In this emerging world of artificial intelligence we’ve been in for the past year or so, Google DeepMind has always been a big part of the conversation. Though they were caught a bit flat-footed this time last year, there was never any doubt that Google had some big guns in the AI race that would eventually surface. And today, with the introduction of Gemini to the world, we’re witnessing a significant leap for Google in the AI race. I think it’s fair to say that things are really starting to get interesting now.
A new definition of AI models
Gemini’s biggest, standout trait is the fact that it is a multimodal AI model, a significant departure from traditional single-mode AI systems. This new model is capable of processing and integrating diverse types of information — from text and code to audio, images, and videos. This ability makes Gemini an extraordinary tool, bridging gaps that previous AI models couldn’t. Understanding the need for AI solutions that cater to different requirements, Google has developed three versions of Gemini:
- Gemini Ultra: The most extensive and capable variant, designed for complex tasks.
- Gemini Pro: A versatile model suitable for a wide array of applications.
- Gemini Nano: Optimized for efficiency, this version is ideal for on-device integration.
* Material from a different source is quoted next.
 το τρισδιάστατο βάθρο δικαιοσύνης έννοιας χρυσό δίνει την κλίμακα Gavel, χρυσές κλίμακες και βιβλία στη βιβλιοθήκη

Gemini Ultra’s performance exceeds current state-of-the-art results on 30 of the 32 widely-used academic benchmarks used in large language model (LLM) research and development.
With a score of 90.0%, Gemini Ultra is the first model to outperform human experts on MMLU (massive multitask language understanding), which uses a combination of 57 subjects such as math, physics, history, law, medicine and ethics for testing both world knowledge and problem-solving abilities.via The Keyword
What really separates Gemini from its predecessors is its multimodal capability. Unlike traditional AI models that combine separately-trained components for different modalities, Gemini is pre-trained across various data types. This integrated approach allows it to process and comprehend multiple forms of input seamlessly, greatly increasing its reasoning and understanding abilities.
Gemini will be everywhere
It should come as no surprise that Gemini is being integrated into various Google products and platforms, starting today. First, Bard will begin leveraging Gemini Pro for advanced reasoning and understanding capabilities as early as today and will be – according to Google – the biggest upgrade to Bard since it first launched.
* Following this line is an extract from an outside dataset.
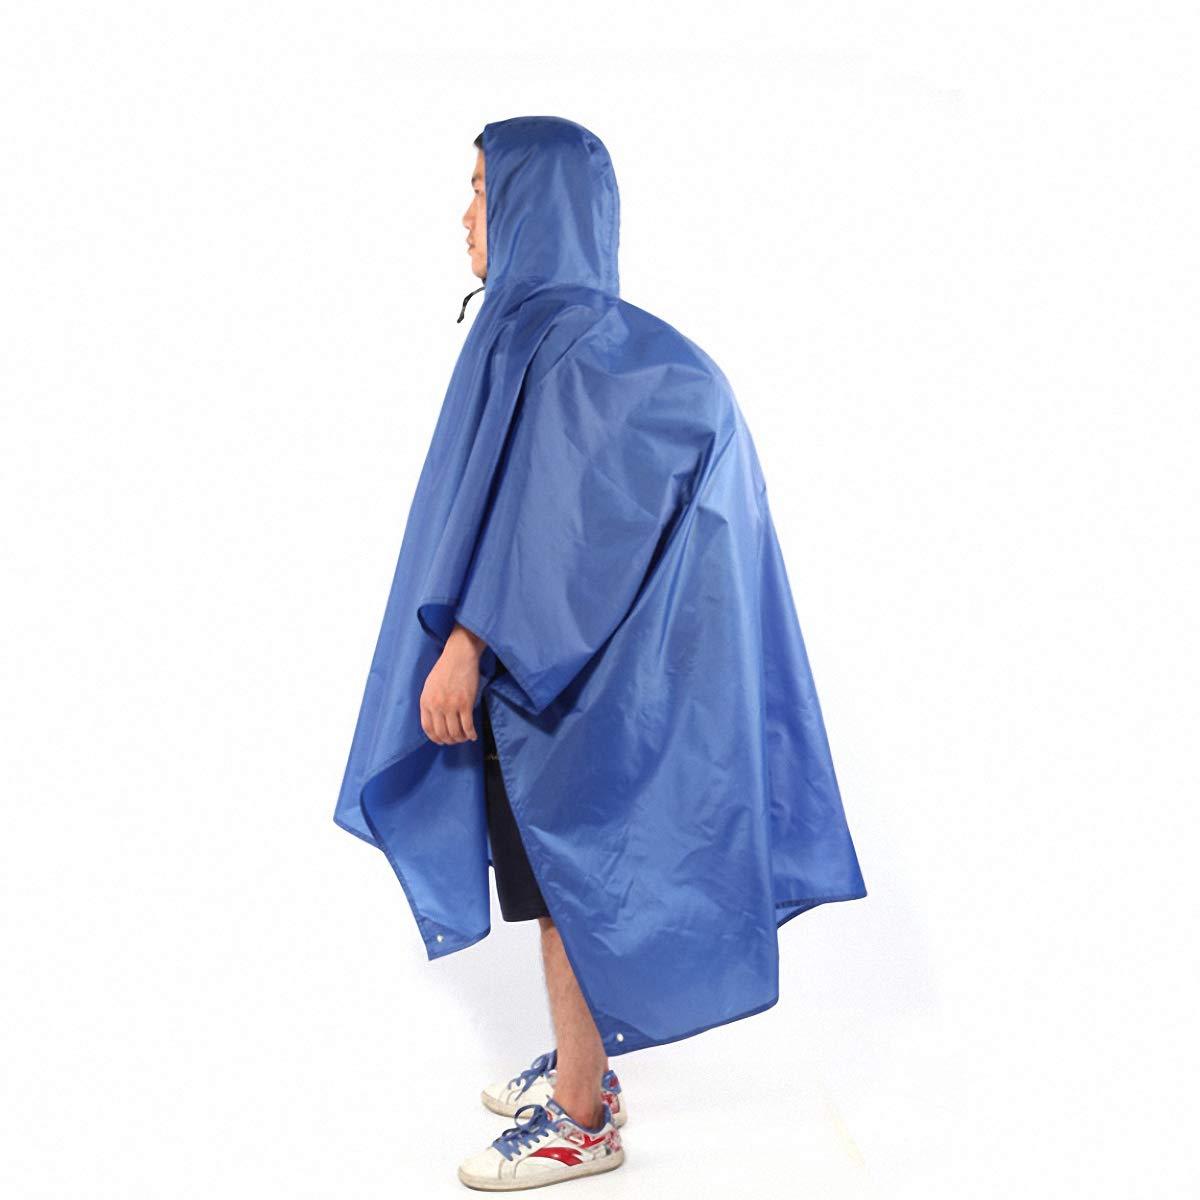 BDFA Regenmantel Regenmantel - Multifunktionaler Regenponcho, Sonnenschutzplane, Bodenmatte Für Outdoor-Aktivitäten

Gemini will also be coming to Pixel 8 Pro (and other Pixel phones later). Google says the Pixel 8 Pro is the first phone built to run Gemini Nano on-device to power new features like the Recorder app’s new Summarize feature and Gboard’s new Smart Replies.
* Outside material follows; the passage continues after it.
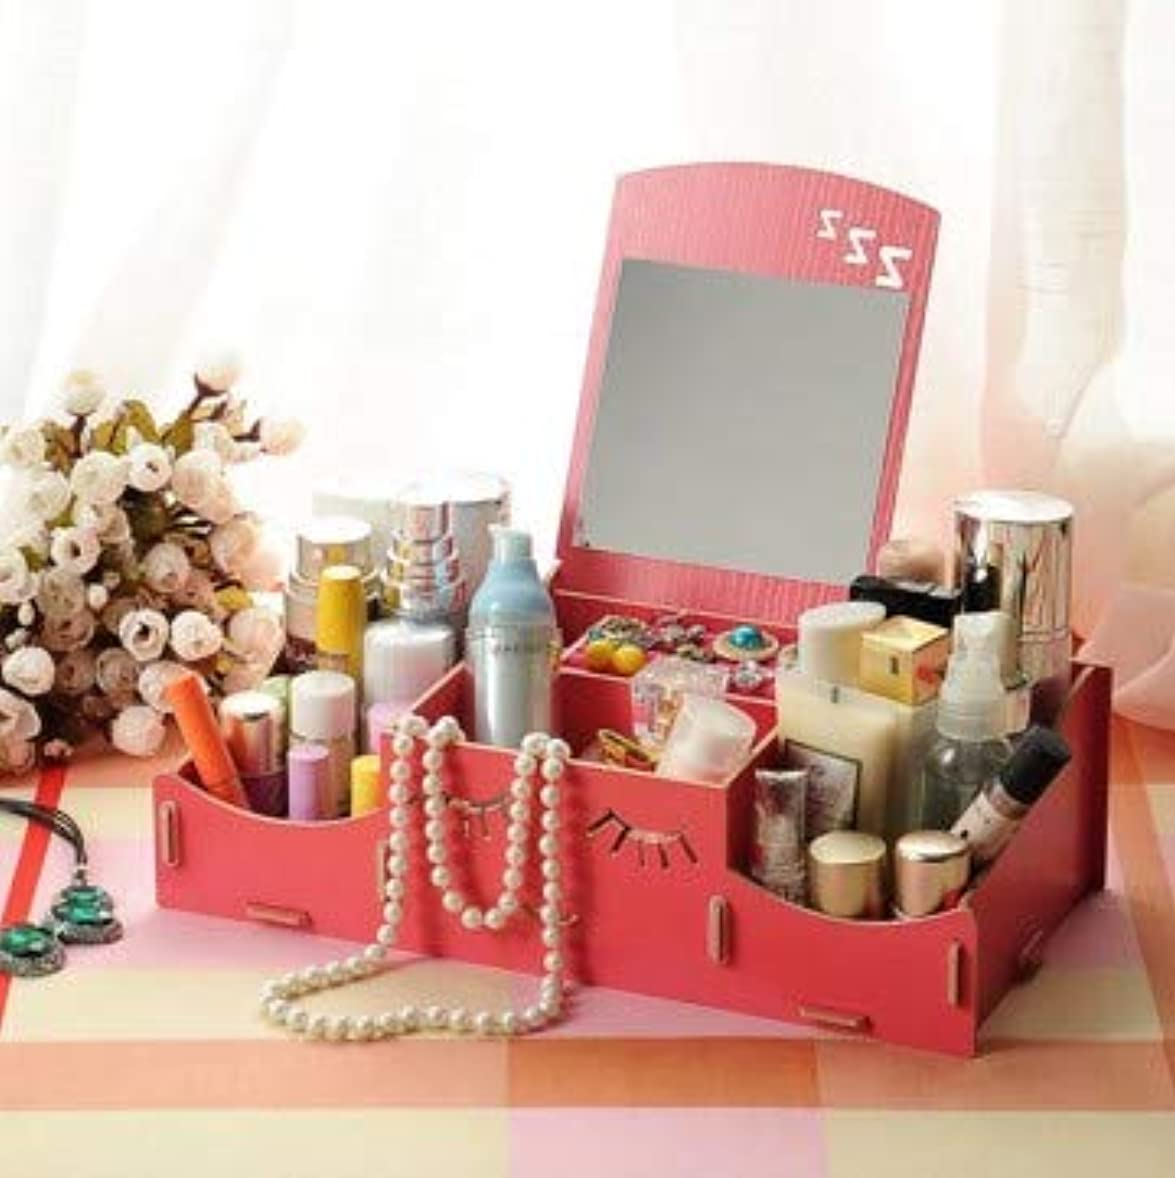 困惑ブリード第二Kth スマイリー木製クリエイティブ収納ボックス手作りデスクトップミラー化粧品収納ボックス化粧品収納ボックス (Color : Watermelon red)

In the next few months, we expect to see Gemini appearing in Search, Ads, Chrome, and Duet AI (mostly Workspace apps), and Google says that early experiments with Gemini in Search are already delivering a 40% reduction in latency with Search Generative Experiences.
The Gemini Era
With this launch, Google is entering a new era in AI and in their products as a whole. How Gemini will impact everything from app capabilities to search to content creation is anyone’s guess, but there’s no question around the power Gemini seems to possess. Google’s largely taken the slower, more-methodical approach to these more-powerful AI models, and though they are all about putting safety and responsibility in this area first, all of this is a bit scary when you realize the scale and scope of what is happening. I’m sure we’ll be talking about Gemini quite a bit in the coming weeks, months and years, and I have a feeling today’s launch will be a formative one for the future of Google.